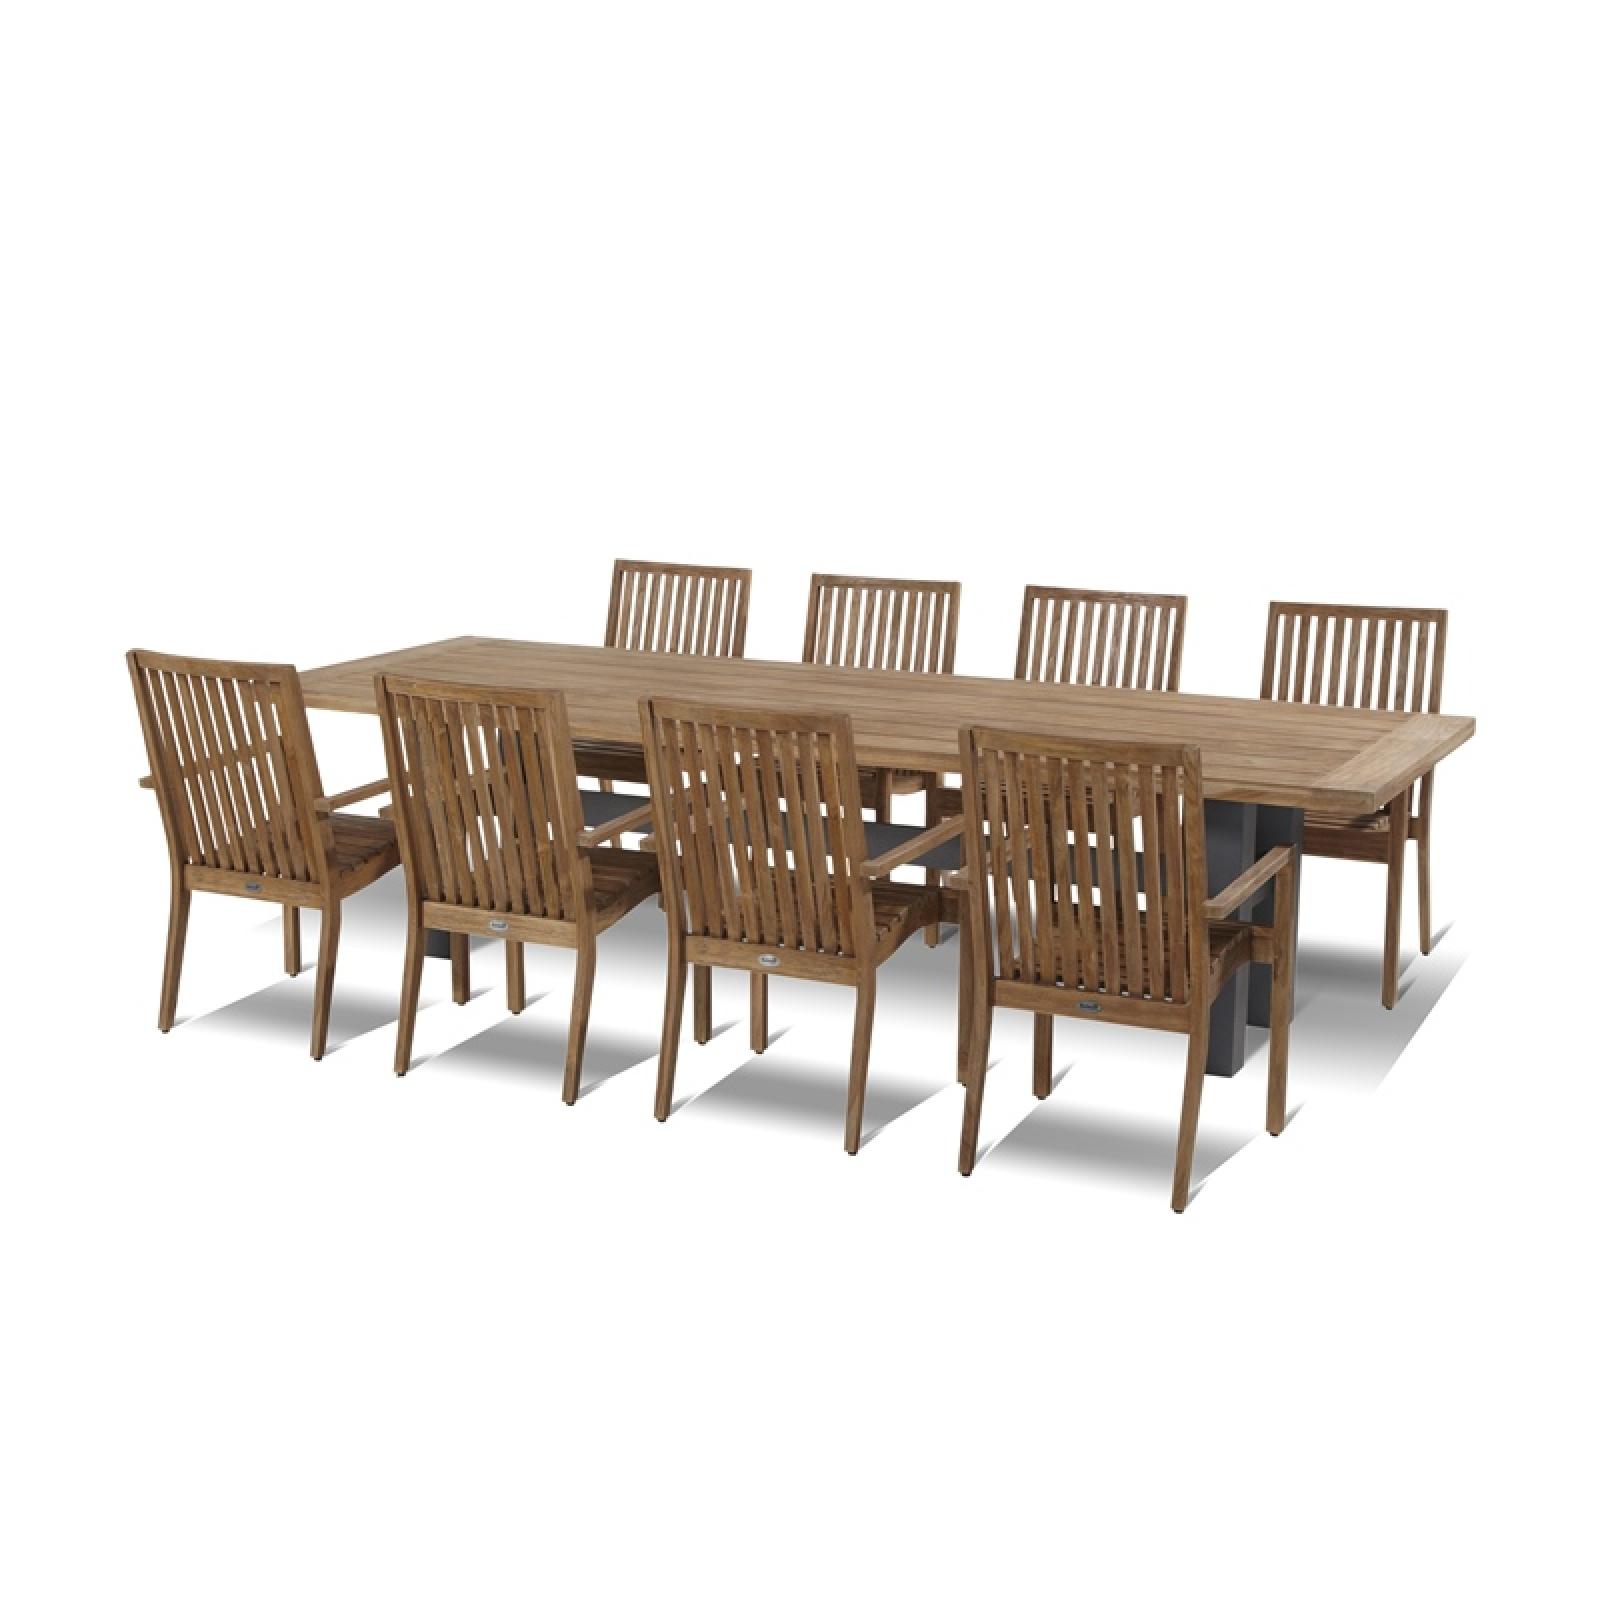 Hartman Gartenmöbelset 9teilig Tisch Teak/Alu 300x100 cm inkl Stühle ...
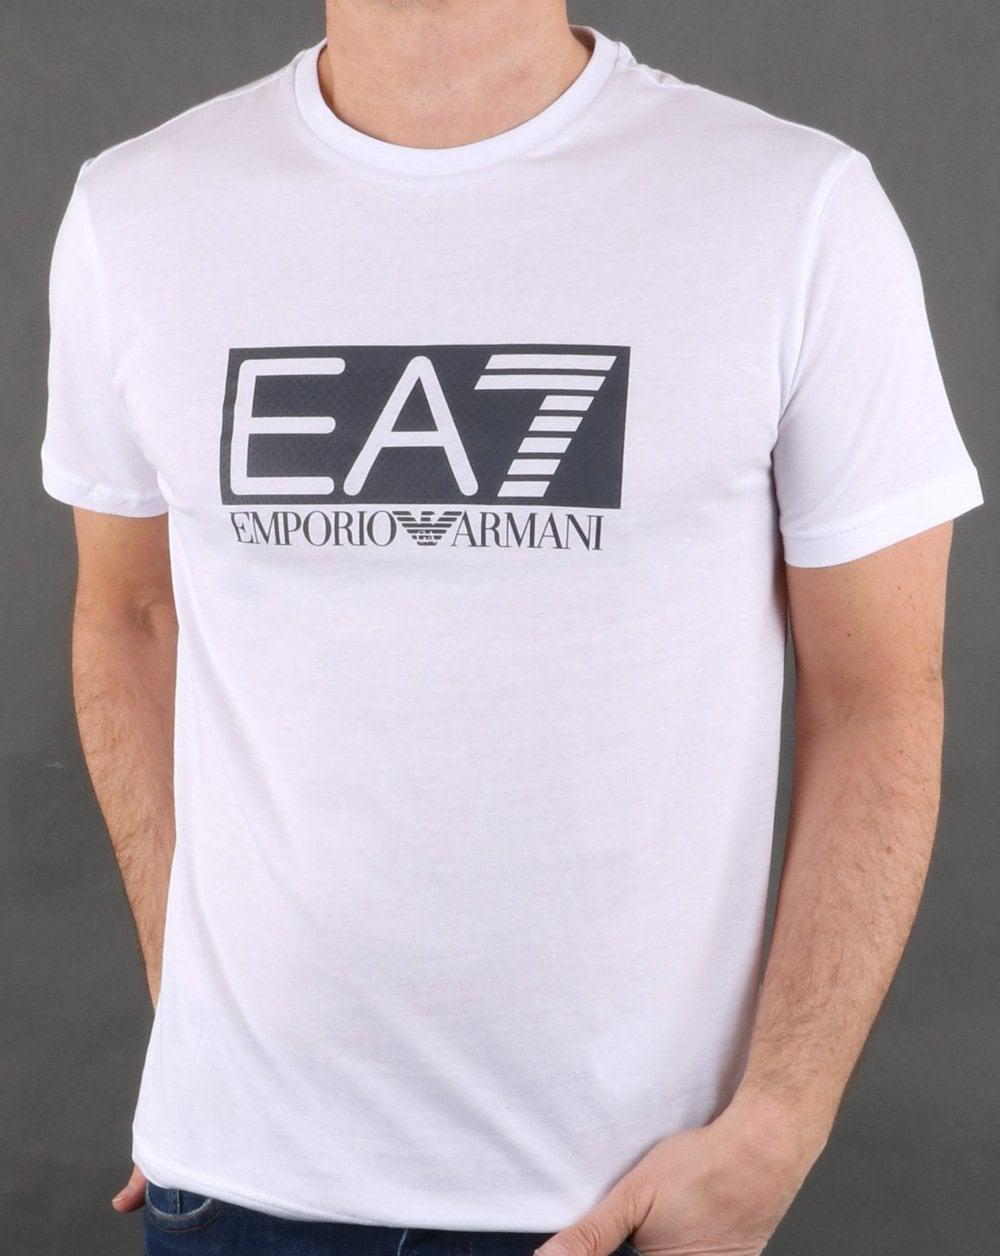 2cb568b1a Emporio Armani EA7 Emporio Armani EA7 Box Logo Tee White
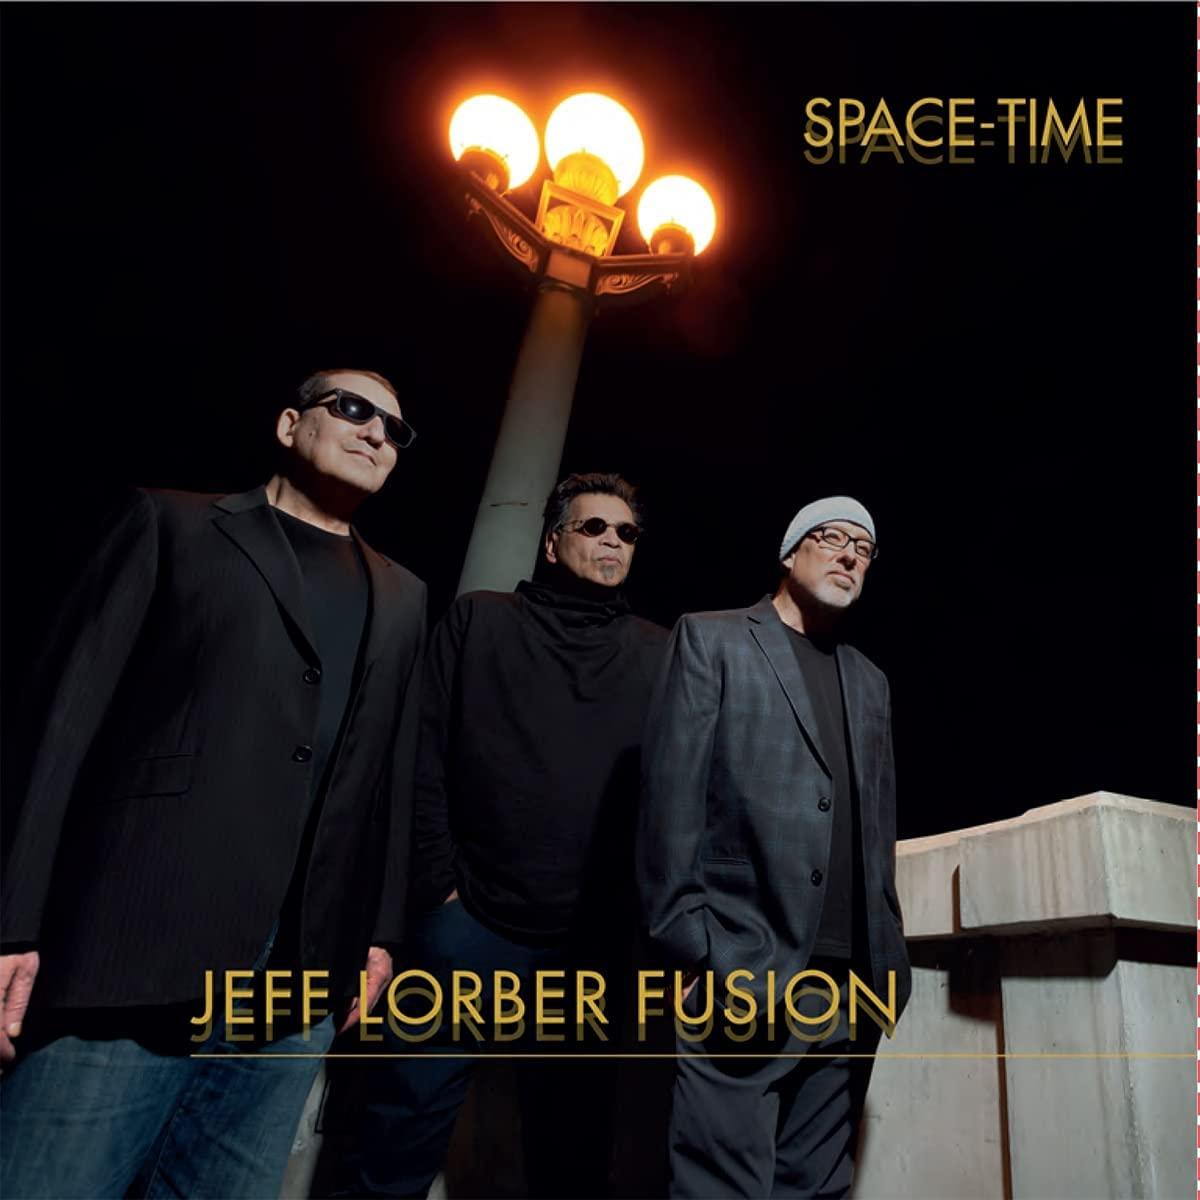 jeff lorber fusion 021
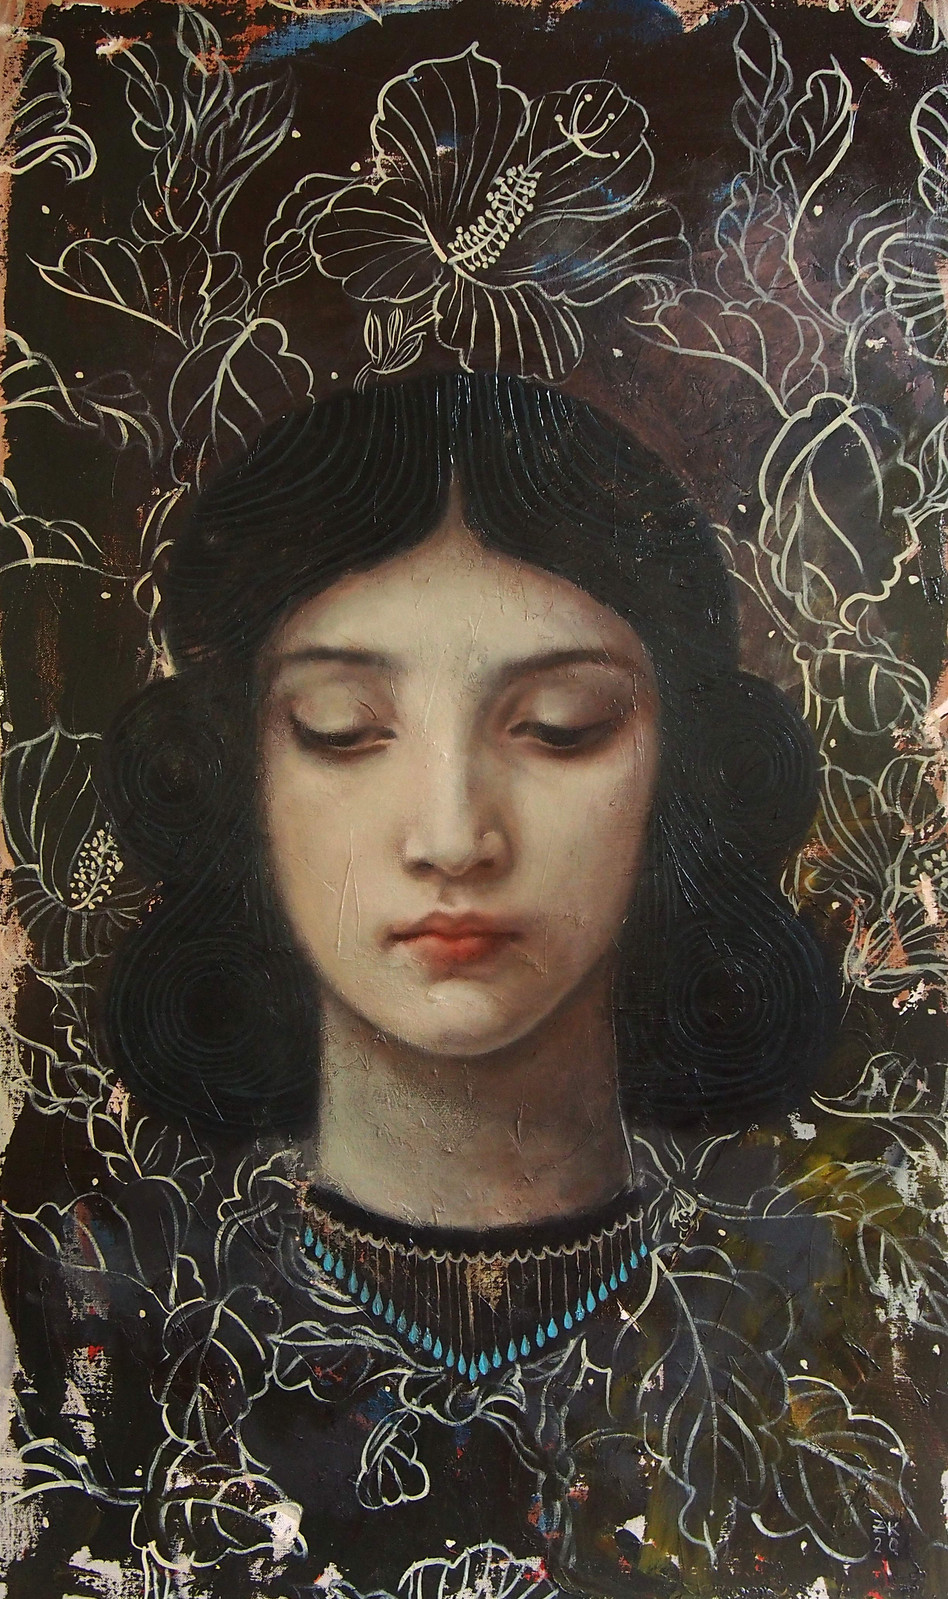 Woman Born of Flowers, Blodeuwedd

◇ ◇ ◇ ◇ ◇ ◇ ◇

**Work to be completed**
Would it be possible to reproduce the material word for word, images omitted?

**Your response**
 Hartman Gartenmöbelset 9teilig Tisch Teak/Alu 300x100 cm inkl Stühle ...
 2cb568b1a Emporio Armani EA7 Emporio Armani EA7 Box Logo Tee White
 jeff lorber fusion 021
 Woman Born of Flowers, Blodeuwedd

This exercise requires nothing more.